Share this article
Human water demand can imperil California’s endangered species
In Southern California, where scarce water resources are carefully managed, it would seem like wildlife would benefit when more water flowed in streams and rivers. But that’s not what researchers found when they looked at these riparian ecosystems.
“When we started doing the research, we were confounded by some of the results,” said Melissa Rohde, a PhD candidate at the SUNY College of Environmental Science and Forestry and a scientist at The Nature Conservancy.
Streams being used to deliver water for irrigation or receiving discharge from wastewater treatment plants were causing higher year-round water availability than expected in this Mediterranean-like climate, contributing to faster forest growth and homogenization, her team of researchers found. Without high and low flows, river ecosystems weren’t functioning naturally, affecting wildlife that depend on these systems. “A lot of these riparian habitats are biological hotspots and provide important refugia for threatened and endangered species,” she said.
Rohde was the lead author of a study published in the Proceedings of the National Academy of Sciences that used satellite data of vegetation coupled with groundwater and surface level information to find out how humans may be influencing these ecosystems. The study is part of a suite of projects the team is undertaking to develop water stress indicators for dryland riparian forest ecosystems threatened by climate change and increasing human water demand.
Part of their result were expected. When groundwater levels were deeper, vegetation greenness declined, indicating reduced growth. But they were surprised to find that when they looked in Southern California—the most water scarce region of the state—that same correlation wasn’t as strong.

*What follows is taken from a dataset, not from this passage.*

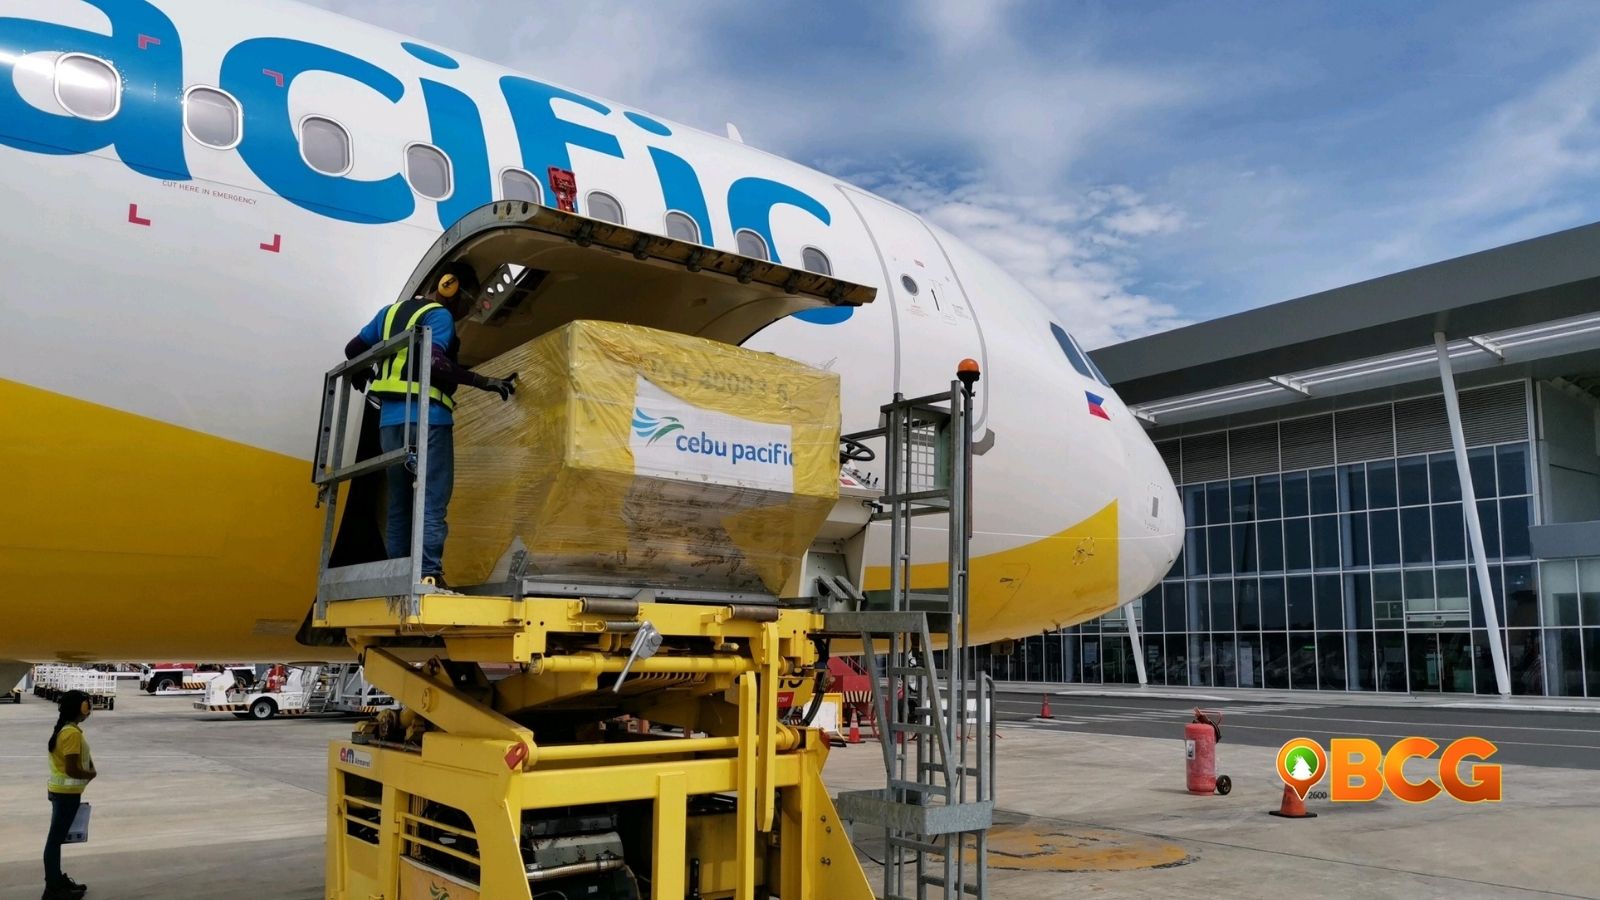 Loading the Vaccines on a Cebu Pacific plane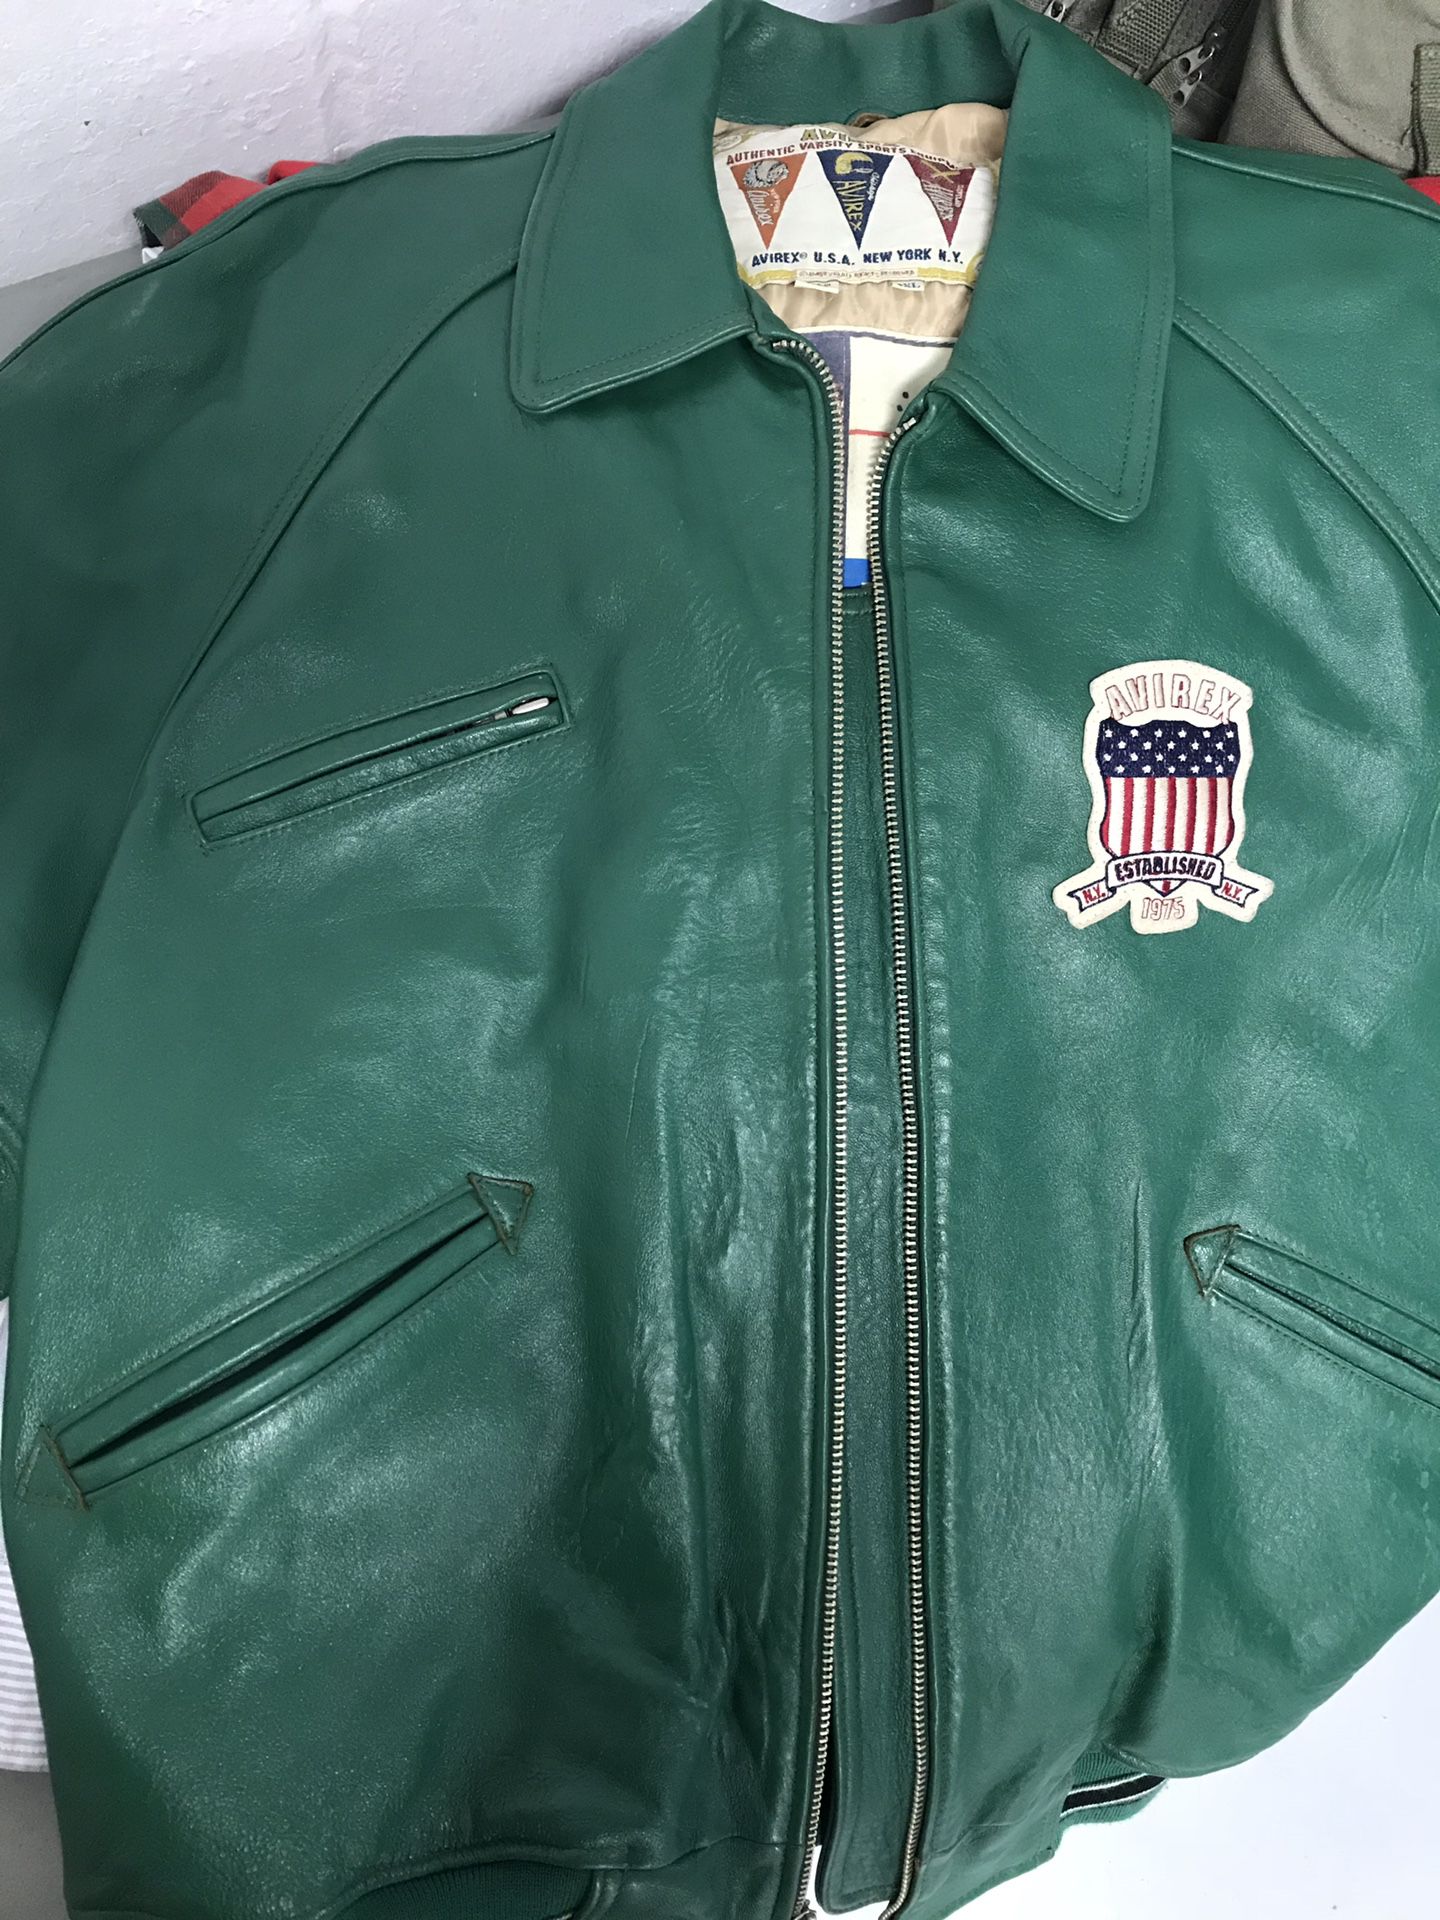 Classic Avirex USA Leather Bomber Jacket for Sale in Lynn, MA

“When I started zooming in on these sites, I noticed wastewater treatment facilities and irrigation canals,” she said. “That was the ‘aha!’ moment.”
Knowing that water in Southern California is often diverted for human uses, her team analyzed streamflow data and found many streams had altered flow regimes that resulted in year-round inflated flows. In the short term, these cause more growth for some plant species. “But when you acknowledge how these Mediterranean ecosystems function, it’s not actually a good thing,” she said.
Ecosystems in California rely on seasonal fluctuations in streamflow and groundwater levels. Native trees rely on high spring flows for seed release and dispersal, but low summer flows and shallow groundwater allow them to establish and outcompete nonnative species. By stabilizing streamflow, researchers found, riparian woodlands are not able to recruit younger trees to sustain the ecosystem. “We call many of these ecosystems the ‘living dead’ because the forest floor is devoid of younger trees to replace the mature trees in the coming decades,” Rohde said.
Studies in dryland regions around the world show that dams and changing flow regimes are detrimental to riparian forests and shift the community to vegetation less valuable for wildlife, said John Stella, an ecologist at SUNY-ESF and Rohde’s PhD advisor. “In California, the widespread clearing of riparian woodlands for agriculture along with recent groundwater declines impose further stress on the few remaining forest stands, creating a precarious future for these communities.”
When streamflow is augmented year-round due to human activities, fast tree growth can lead to forests of trees the same age, with little regeneration. “So we basically have this live fast, die young phenomenon,” Rohde said, and fast growing trees are also more susceptible to pest infestation and drought. While it directly affects plant species, it indirectly affects wildlife, such as willow flycatchers (Empidonax traillii), Least Bell’s vireo (Vireo bellii pusillus), salmon (Oncorhynchus spp.), riparian woodrats (Neotoma fuscipes riparia ), riparian brush rabbits (Sylvilagus bachmani riparius) and red legged frogs (Rana draytonii) are indirectly affected.
Since water demand is high, tradeoffs between human uses and ecosystem integrity are inevitable, she said. “We need to be cognizant of these tradeoffs and strategic from a statewide-level on how we are managing water resources to optimize water security for cities, farms and ecosystems,” Rohde said.